Я попытался доказать, что культура социологии, которой мы все принадлежим, но пик которой пришелся на период с 1945 по 1970 год, основана на трех простых положениях, ут­верждающих реальность социальных фактов, неизбывность социальных конфликтов и существование механизмов леги­тимации для сдерживания конфликтов, – положениях, вмес­те составляющих минимальную основу для изучения социаль­ной реальности. Я попытался обозначить, каким образом каж­дое из этих трех положений выводится из теорий трех осно­воположников нашей науки (Дюркгейма, Маркса и Вебера), и утверждаю, что именно поэтому мы повторяем как заклина­ние [тезис], что эти трое являются представителями «клас­сической социологии». Еще раз повторю: этот набор аксиом не лишен наивности и вовсе не является адекватным способом постижения социальной реальности. Для многих из нас он стал исходным пунктом, принимаемым большей частью без обсуждения. Именно это я называю «культурой социологии». По моему мнению, это и есть наше основное наследие. <…>

 

Перспективы

 

Говоря о будущем обществознания, я имею в виду три пер­спективы, кажущиеся мне одновременно достижимыми и желательными в XXI веке: эпистемологическое воссоедине­ние так называемых двух культур – естественных и гуманитар­ных наук; организационное воссоединение и новое разделе­ние общественных наук и признание за ними центральной роли в мире знания.

Какие выводы можно сделать из моего анализа культуры социологии и вызовов, с которыми она столкнулась? Начнем с простого. Во-первых, ультраспециализация, которой под­верглась социология, а в действительности и все остальные общественные науки, была как неизбежной, так и саморазру­шительной. Тем не менее мы должны продолжать борьбу с ней, надеясь найти какой-то разумный баланс между глубиной и широтой знания, между фрагментарным и синтетическим видением. Во-вторых, как удачно заметил недавно Нил Смелсер, не существует «социологически наивных действующих субъектов». Но существуют ли социологически хорошо ин­формированные субъекты? То есть рациональны ли наши субъекты? И какой мир им известен?

Мне кажется, что социальные факты, с которыми мы имеем дело, социальны в двух смыслах: они являются воспри­ятием реальности, в большей или меньшей степени разделя­емым группами средней численности, но имеющим свои от­тенки для каждого отдельного члена этих групп. И это соци­ально конструируемые восприятия. Но скажем со всей ясно­стью: интерес представляет не социальная конструкция мира, предполагаемая тем или иным исследователем, но конструк­ция социальной реальности, выработанная коллективно в результате совместной деятельности людей. Мир таков, ка­ков он есть, благодаря всему тому, что предшествовало дан­ному моменту. Исследователь пытается разглядеть, каким об­разом коллективными усилиями создан мир, и при этом, ко­нечно, он использует собственное социально сконструирован­ное видение.

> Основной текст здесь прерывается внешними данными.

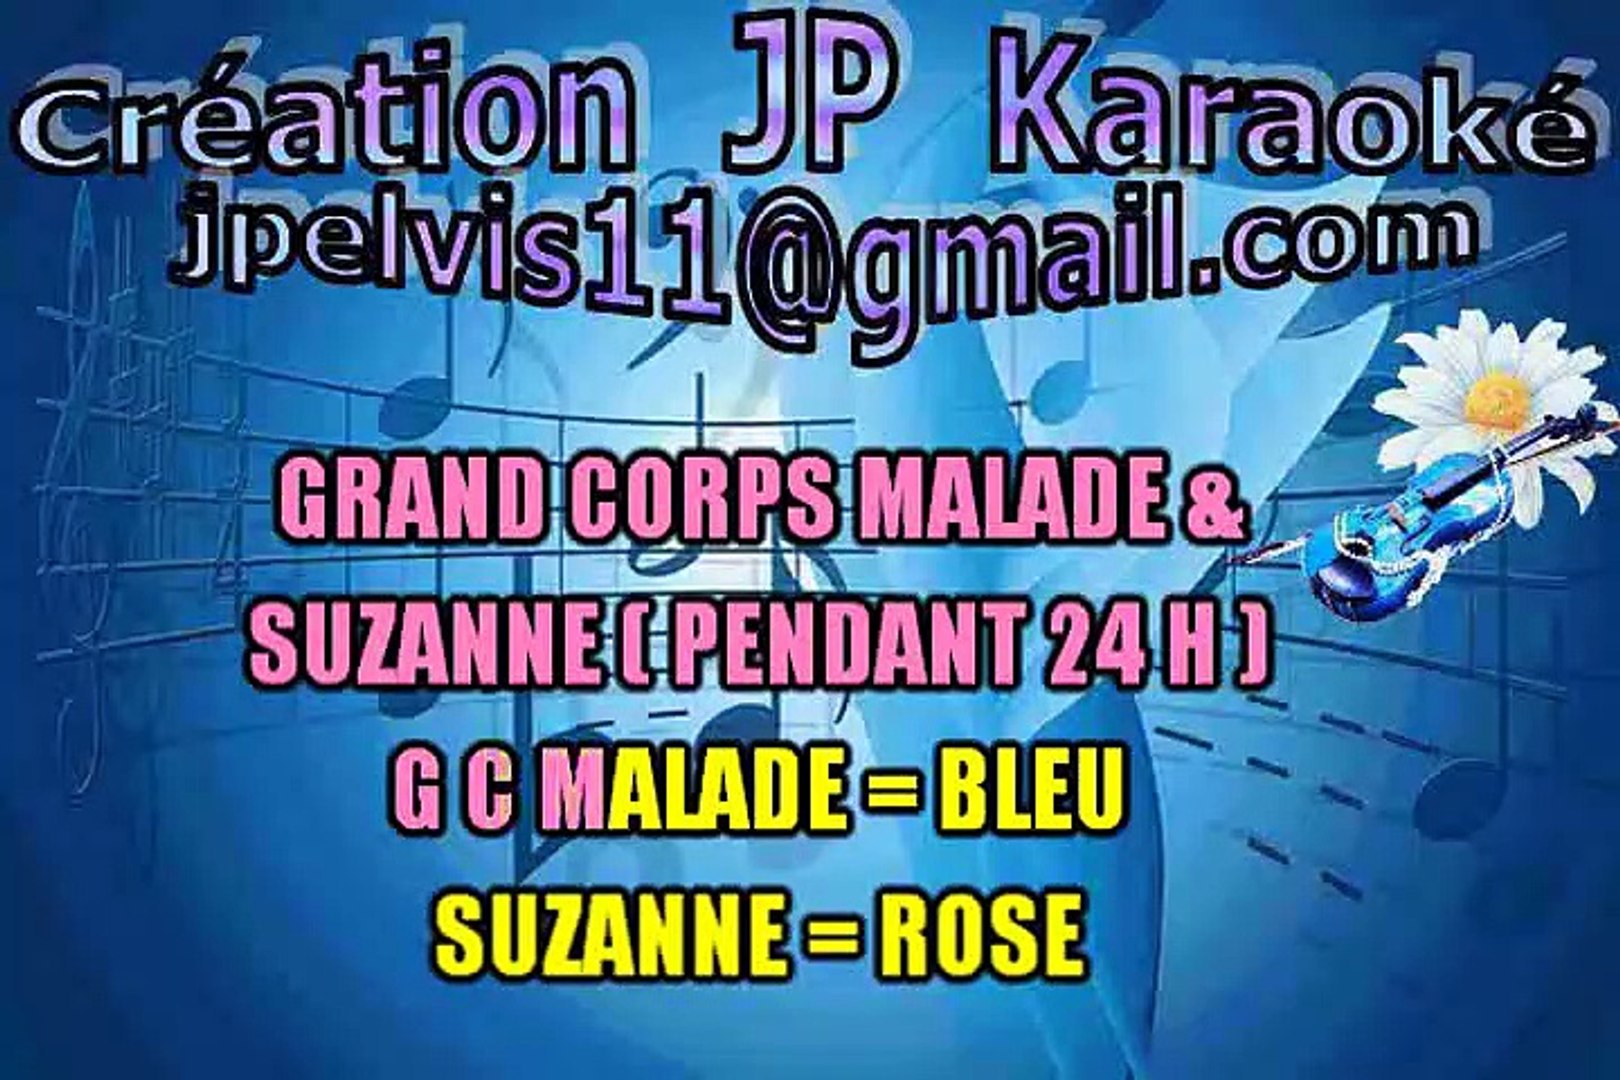 Paroles De Grand Corps Malade Pendant 24h KARAOKE Grand Corps Malade & Suzanne - Pendant 24 Heures - Vidéo Dailymotion

<…> мы можем познать мир лишь через наше видение его, являющееся, без сомнения, коллективным социальным видением, но тем не менее видением человеческим. Это, очевидно, в равной сте­пени относится как к нашему видению физического мира, так и к нашему видению мира социального. В этом смысле все зависит от очков, через которые все мы осуществляем это восприятие, то есть от организующих мифов (великих нарративов!), которые Уильям Мак Нил называет мифоисторией (mythistory) и без которых мы не в состоянии ничего ска­зать. Из этих ограничений следует, что не существует поня­тий, которые не были бы множественными; что все универ­салии частичны; что существует множественность универса­лий. Из этого также следует, что все глаголы, которые мы упот­ребляем, следует писать в прошедшем времени. Настоящее кончается до того, как мы озвучим его, а все утверждения не­обходимо помещать в исторический контекст. Номотетический соблазн столь же опасен, сколь соблазн идиографический, и является западней, в которую культура социологии нередко заводила многих из нас.

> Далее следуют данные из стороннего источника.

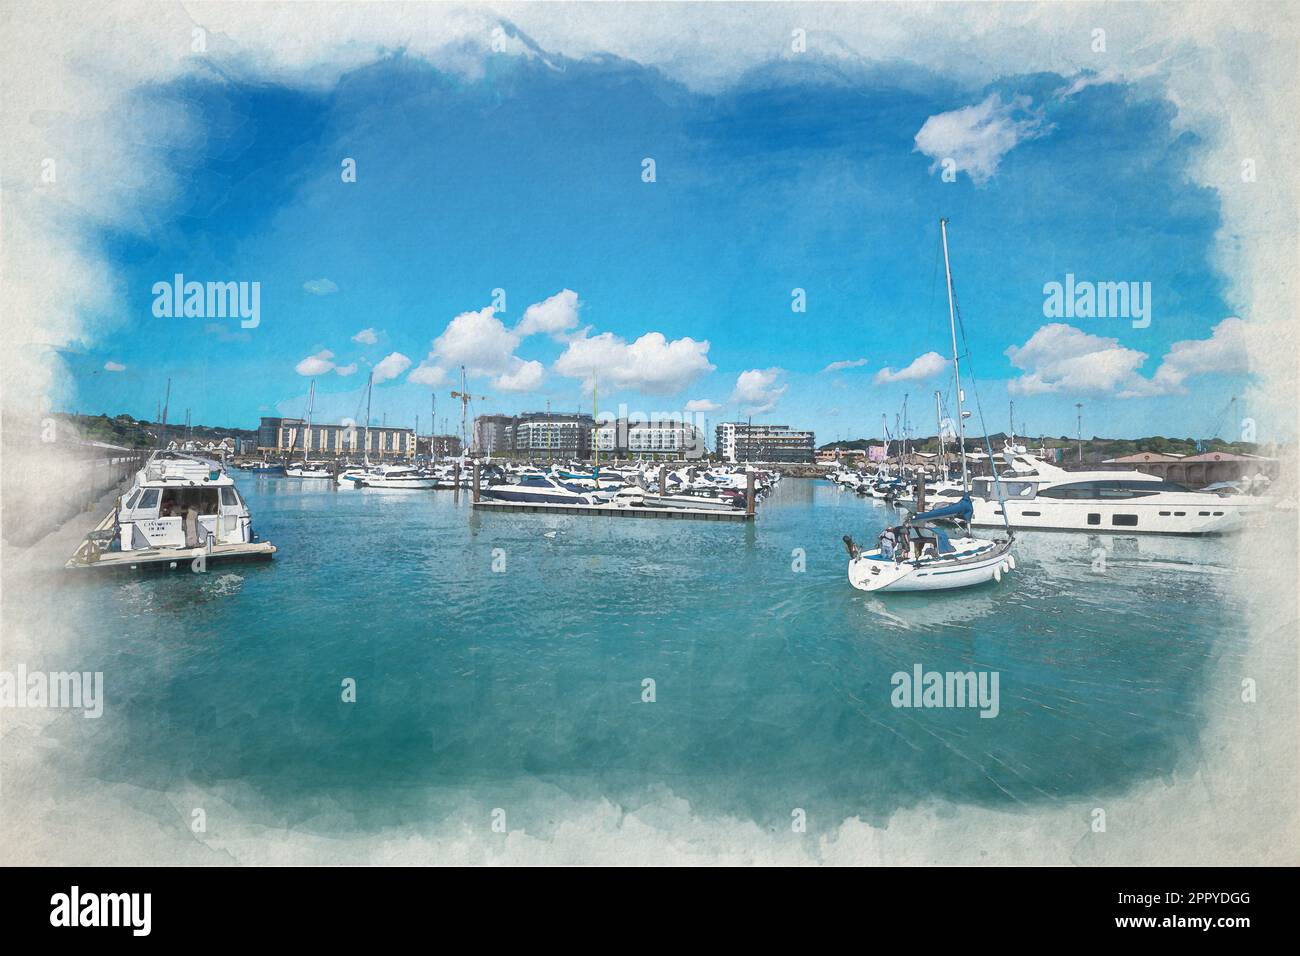 Barche ormeggiate a Elizabeth Marina. Un dipinto digitale ad acquerello del porto di St Helier della dipendenza dalla Corona britannica di Jersey, Isole del canale, Brit Foto Stock

Да, мы подошли к концу [периода] определенности. Но что это значит на практике? На протяжении всей истории мысли нам постоянно предлагались истины. Богословы пред­лагали нам истины, почерпнутые от пророков, священников и из священных текстов. Философы предлагали истины, ко­торые они рационально дедуцировали, индуцировали или до которых доходили интуитивно. Современные же ученые пред­лагали истины, которые они эмпирически верифицировали, используя изобретенные ими самими критерии. Все они ут­верждали, что их истины явным образом подтверждаются в реальном мире, но эти явные подтверждения служат в основ­ном внешним и ограниченным выражением более глубоких, сокровенных истин, в деле открытия которых им принадле­жит посредническая роль.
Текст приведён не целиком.